Save the modified configuration file.

Implement application code

In the Explorer pane, in the speech-client folder, open the speech-client.py file.
Review the existing code. You will add code to submit prompts to your agent.

Tip: As you add code to the code file, be sure to maintain the correct indentation.
At the top of the code file, under the existing namespace references, find the comment Import namespaces and add the following code to import the namespaces you will need:
```
# import namespaces
from azure.identity import DefaultAzureCredential
from azure.ai.projects import AIProjectClient
```
In the main function, note that code to load the endpoint from the configuration file has already been provided. Then find the comment Get project client, and add the following code to create a client for your Foundry project:
```
# Get project client
project_client = AIProjectClient(
    endpoint=foundry_endpoint,
    credential=DefaultAzureCredential(),
)
```
Find the comment Get an OpenAI client, and add the following code to get an OpenAI client with which to call your agent.
```
# Get an OpenAI client
openai_client = project_client.get_openai_client()
```

Find the comment Use the agent to get a response, and add the following code to submit a user prompt to your agent, and display the response.

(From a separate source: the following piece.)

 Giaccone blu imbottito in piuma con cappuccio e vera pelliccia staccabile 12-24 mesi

# Use the agent to get a response
response = openai_client.responses.create(
    input=[{"role": "user", "content": prompt}],
    extra_body={"agent_reference": {"name": agent_name, "type": "agent_reference"}},
)

print(f"{agent_name}: {response.output_text}")

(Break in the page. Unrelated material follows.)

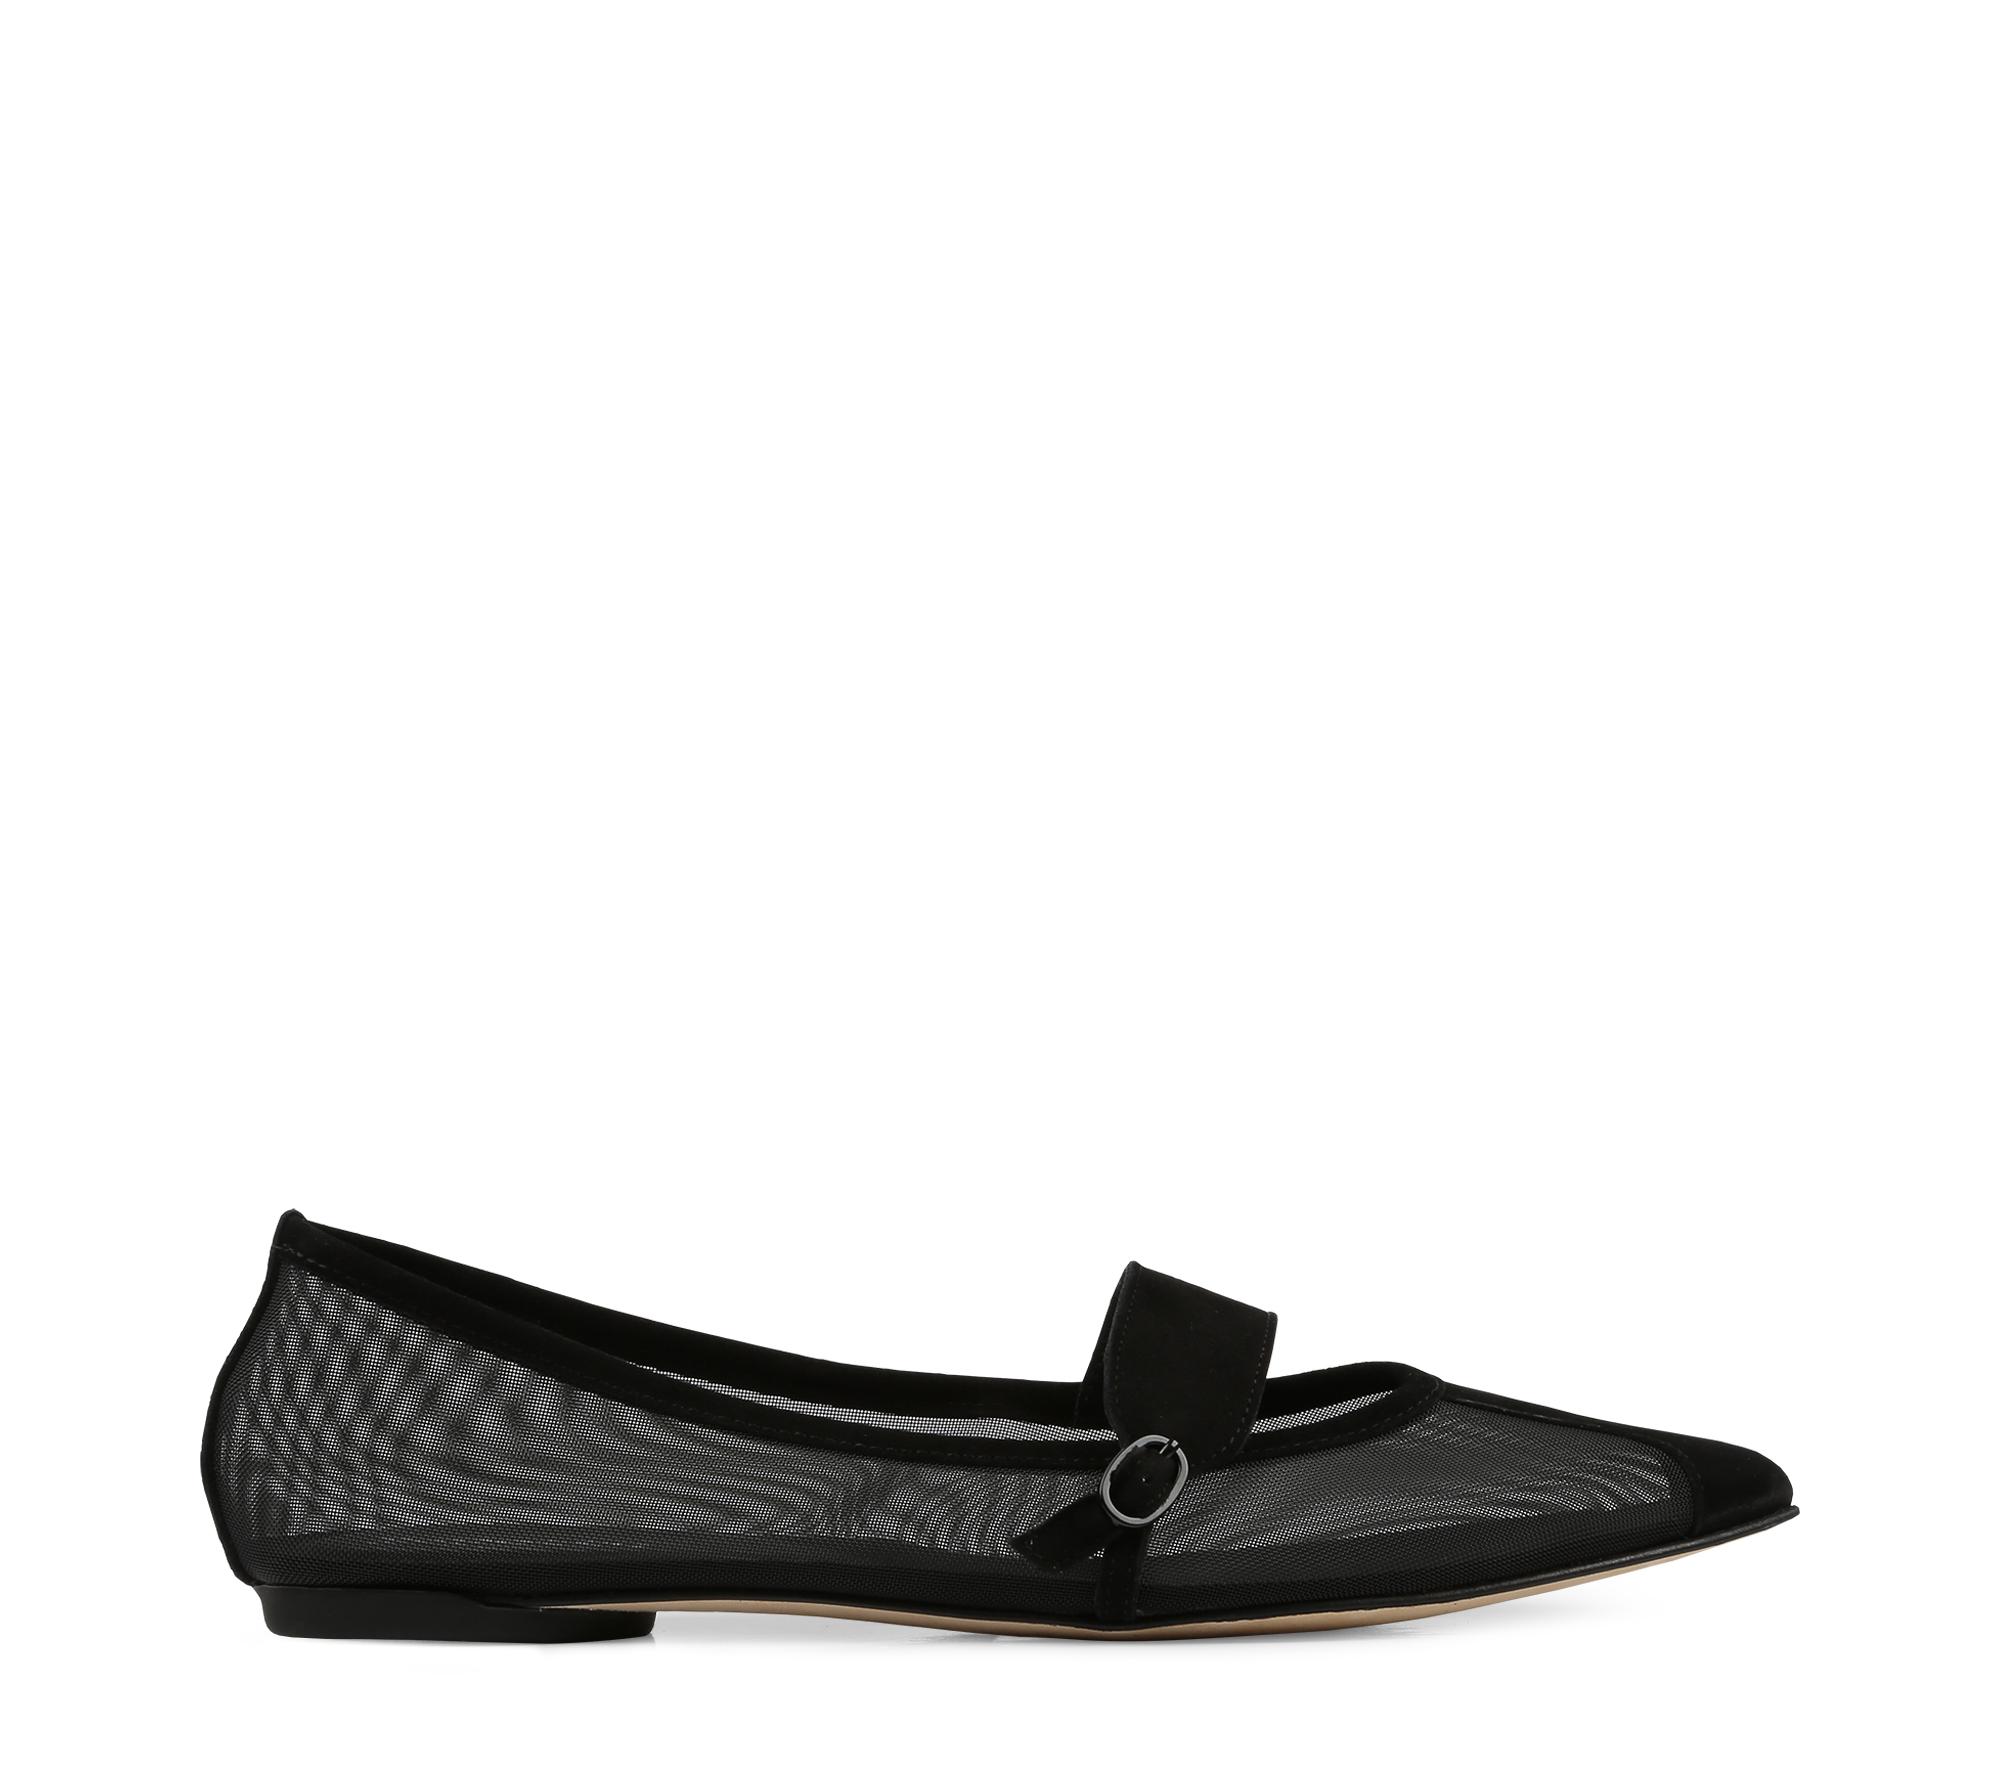 Mytrendshoe Damen Slipper Slip Ons Stoff Ballerinas Freizeit Schuhe Flats 817263, Farbe: Schwarz, Größe: 37

Save the changes you made to the code file.

Test the client application

Now let's test the application by running it in a Python environment and authenticating the connection to your project.

In the terminal pane, use the following command to sign into Azure.
```
az login
```
Note: In most scenarios, just using az login will be sufficient. However, if you have subscriptions in multiple tenants, you may need to specify the tenant by using the --tenant parameter. See Sign into Azure interactively using the Azure CLI for details.
When prompted, follow the instructions to sign into Azure. Then complete the sign in process in the command line, viewing (and confirming if necessary) the details of the subscription containing your Foundry resource.
After you have signed in, enter the following command to run the application:
```
python speech-client.py
```

When prompted, enter the following prompt:

Synthesize "Better a witty fool, than a foolish wit!" as speech using the voice "en-GB-SoniaNeural".

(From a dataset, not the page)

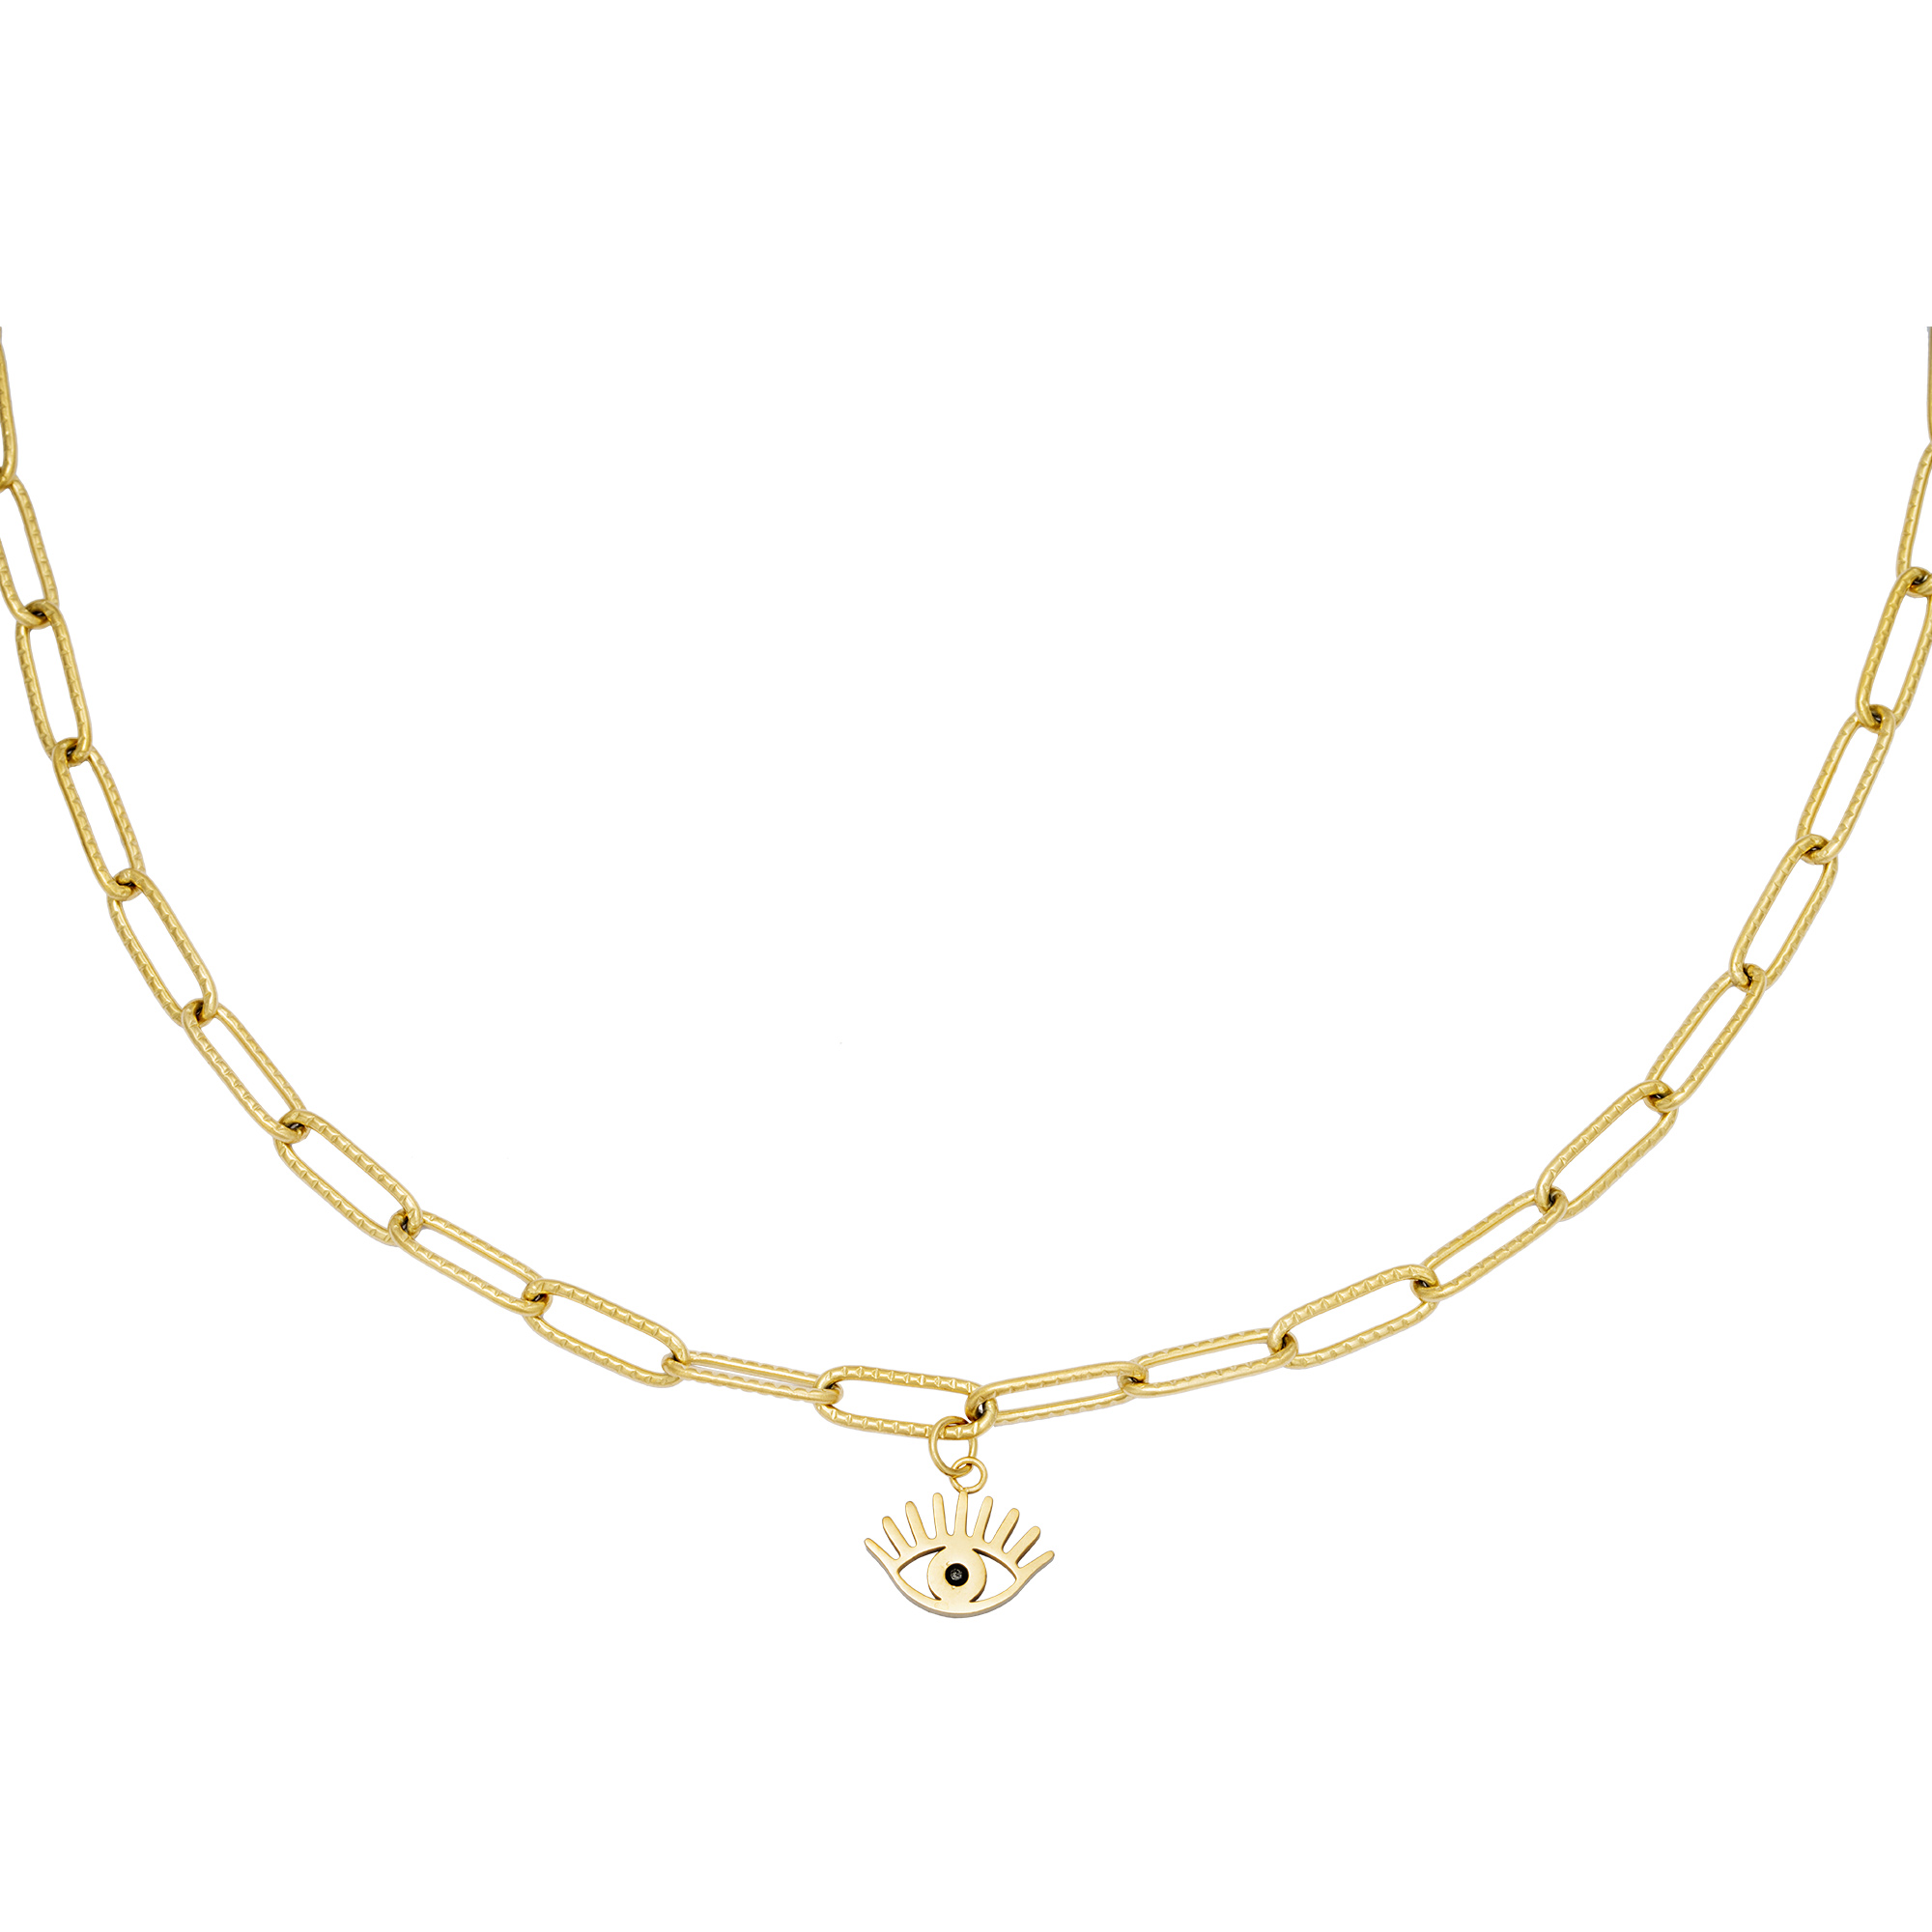 Schakelketting Eye Suprise goud gouden schakelketting oog bedel rvs roest vrij stalen sieraden kettingen kopen bestellen 1

Review the response, which should include a clickable link to a generated audio file.

After checking out the generated audio file, enter the following prompt:

Transcribe https://microsoftlearning.github.io/mslearn-ai-language/Labfiles/05-speech-tool/speech_2.wav

Review the response.
To exit the program, enter "quit" (or just press return)

Clean up resources

If you're finished exploring the Azure AI Language service, you can delete the resources you created in this exercise. Here's how:

In the Azure portal, browse to the Foundry resource you created in this lab.
On the resource page, select Delete and follow the instructions to delete the resource.